◆ **WHAT THE EXERCISE ASKS**:
Pictures stay out of the copy. Retype exactly the lines below from the one with "Cona-Kaffeemaschine und Reklame" through the one with "Brûleur d'encens en".
── DATA IN THIS EXERCISE
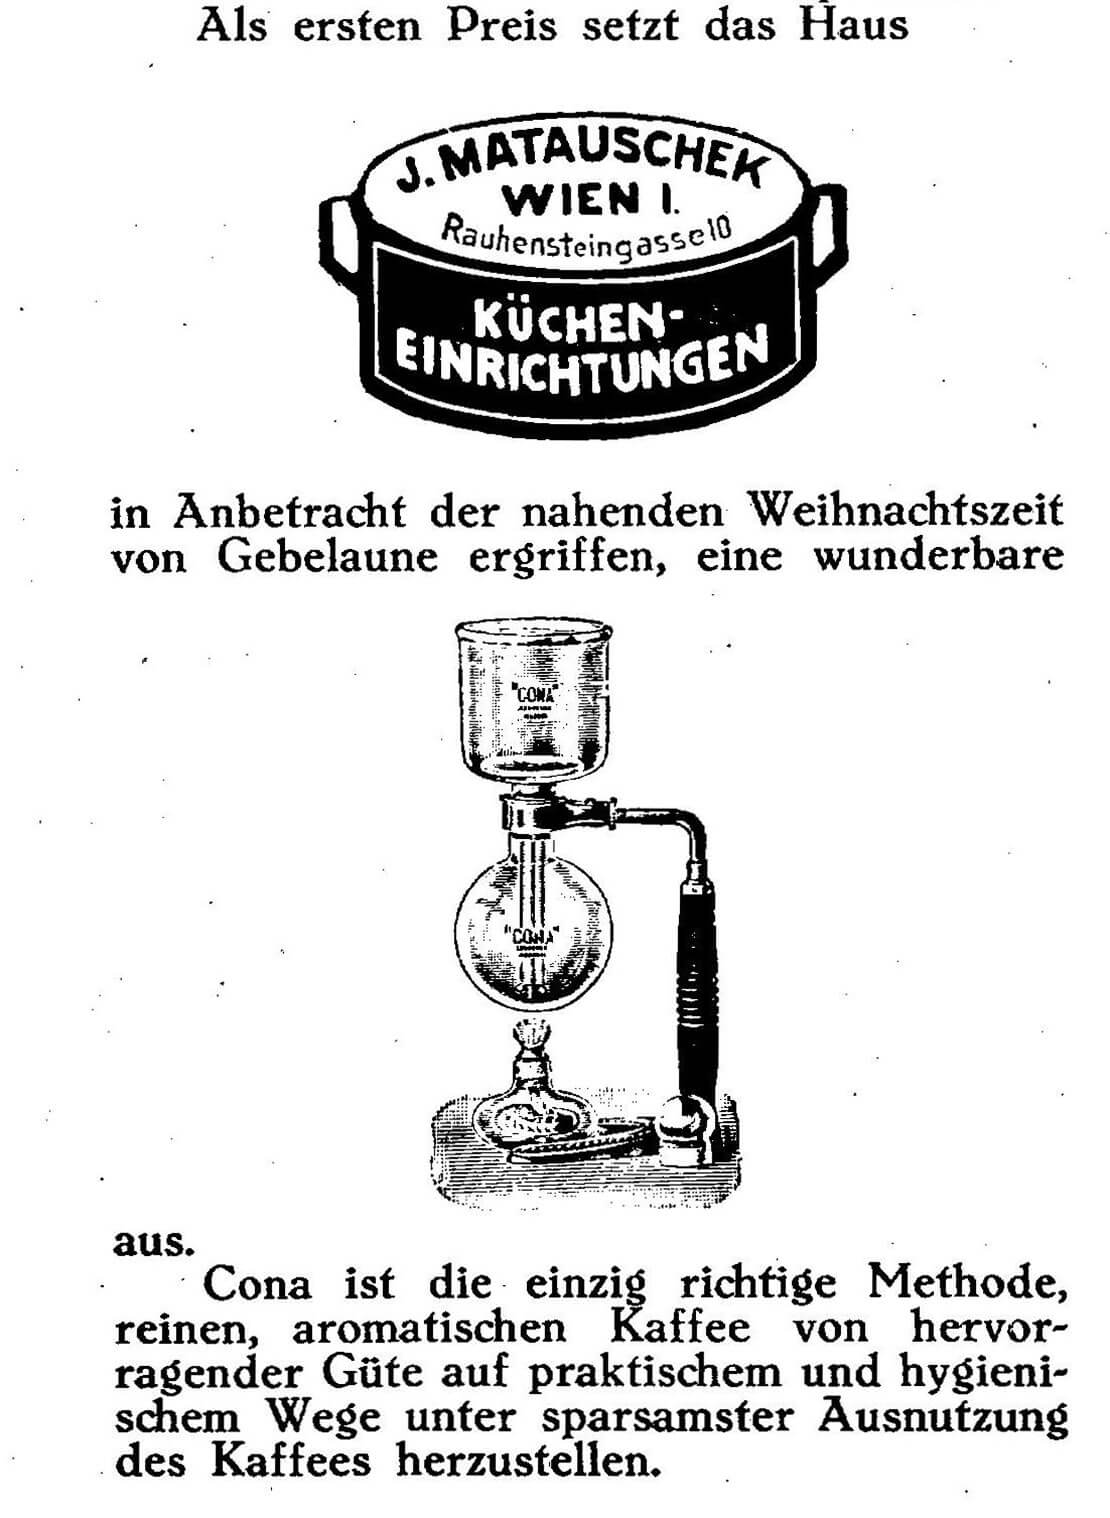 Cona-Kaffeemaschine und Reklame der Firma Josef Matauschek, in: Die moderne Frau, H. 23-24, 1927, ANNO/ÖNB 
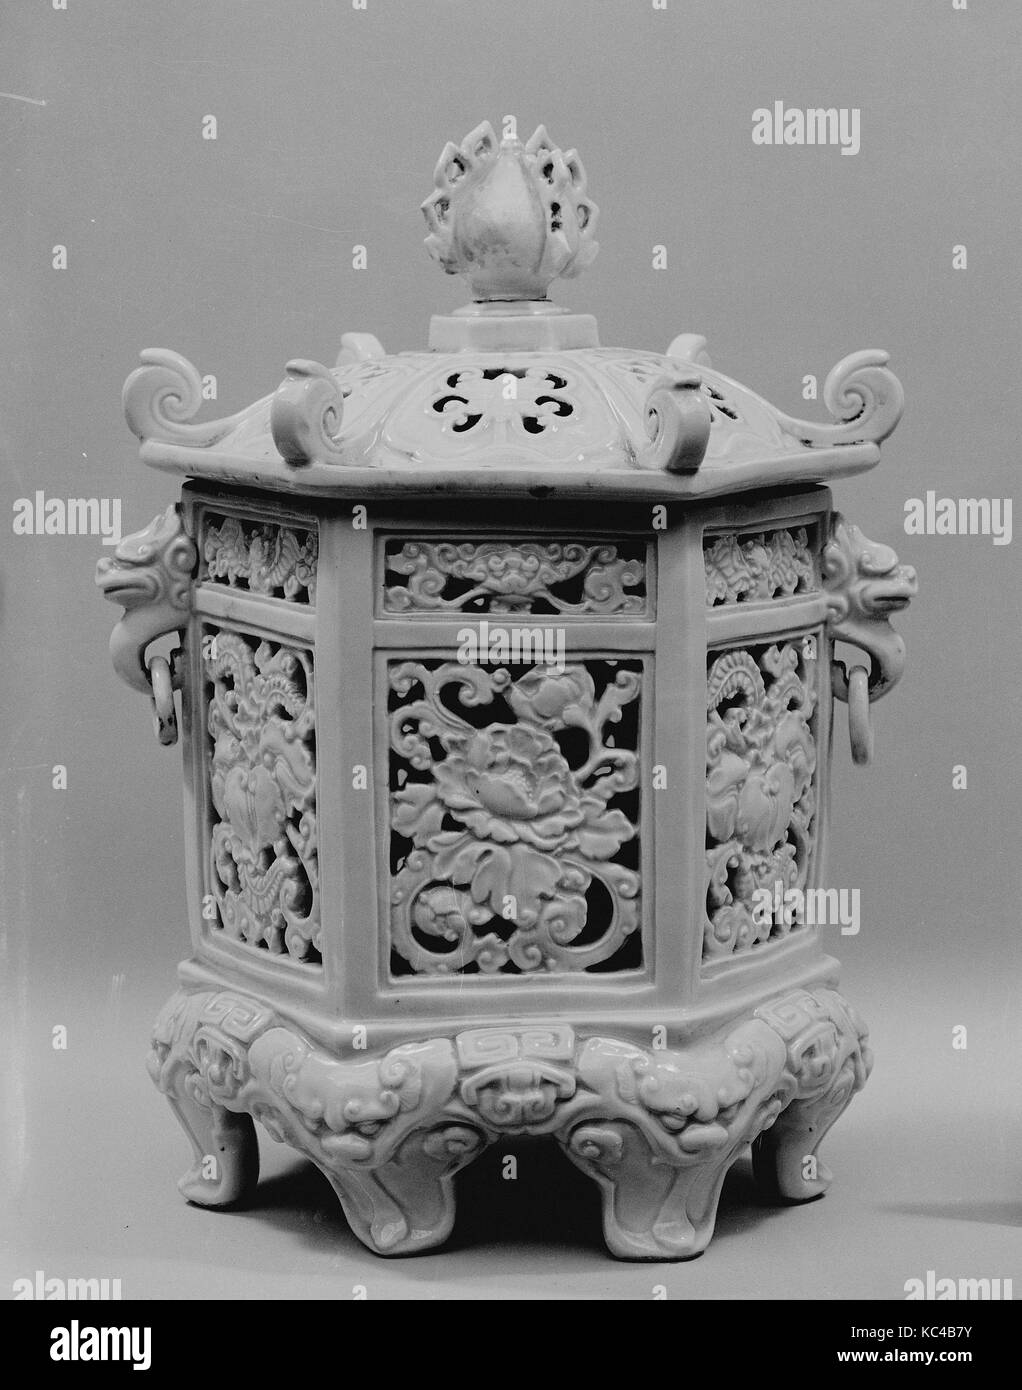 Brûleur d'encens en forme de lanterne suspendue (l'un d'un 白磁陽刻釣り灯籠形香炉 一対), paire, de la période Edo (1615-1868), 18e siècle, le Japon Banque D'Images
────
── DATA IN THIS EXERCISE
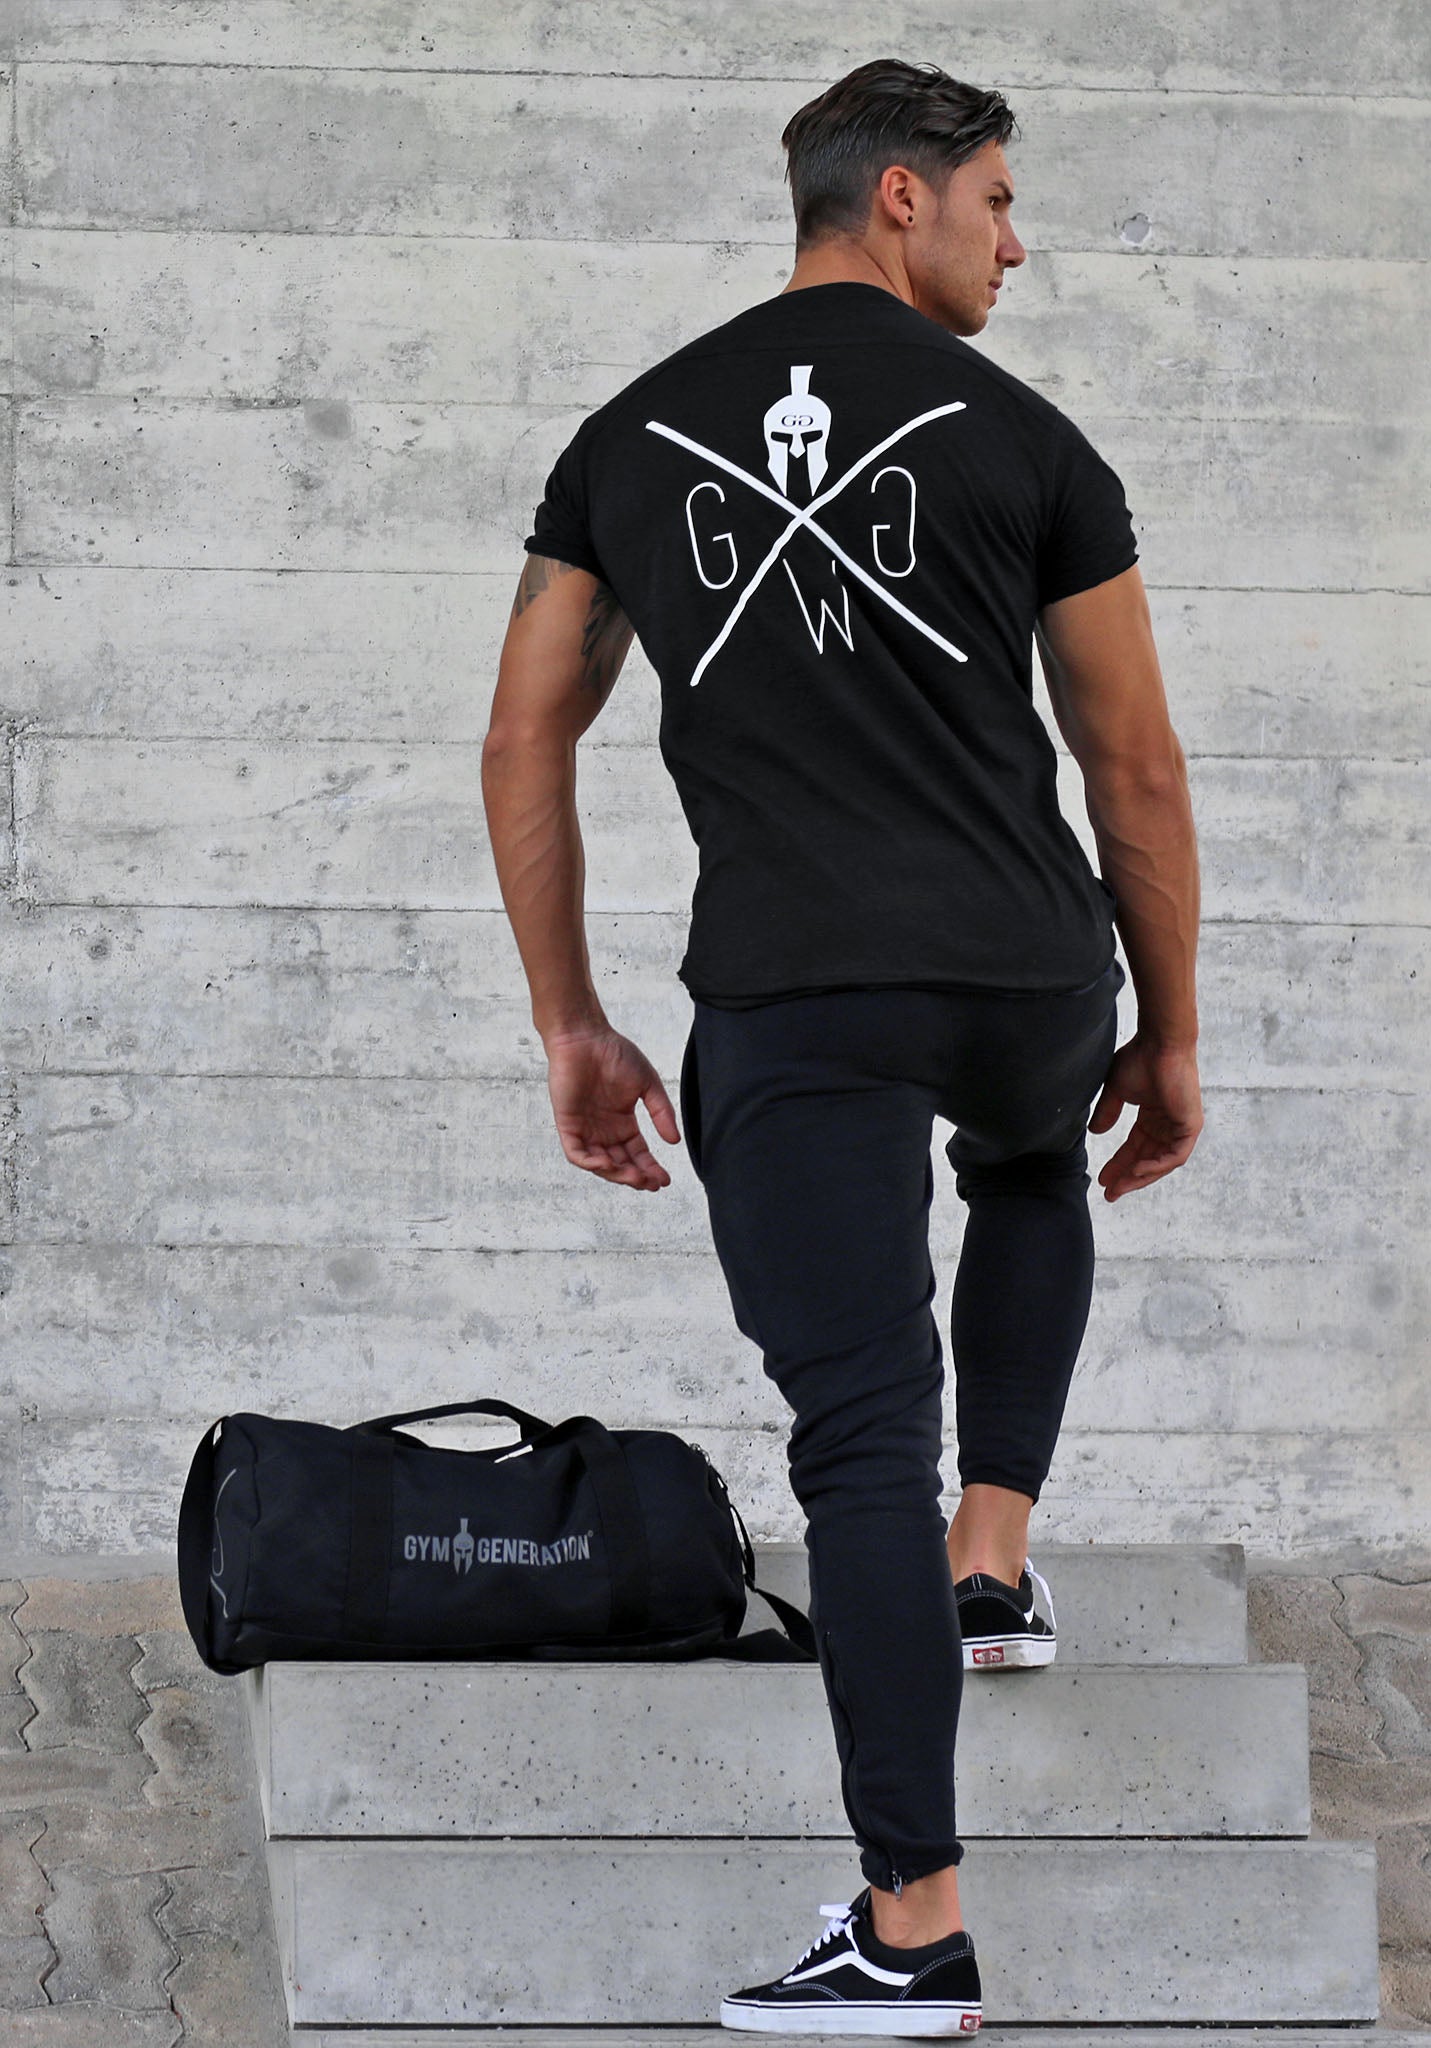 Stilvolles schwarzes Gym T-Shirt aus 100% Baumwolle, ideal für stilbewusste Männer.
────
◆ **TASK ANSWER**:
 Cona-Kaffeemaschine und Reklame der Firma Josef Matauschek, in: Die moderne Frau, H. 23-24, 1927, ANNO/ÖNB 
 Brûleur d'encens en forme de lanterne suspendue (l'un d'un 白磁陽刻釣り灯籠形香炉 一対), paire, de la période Edo (1615-1868), 18e siècle, le Japon Banque D'Images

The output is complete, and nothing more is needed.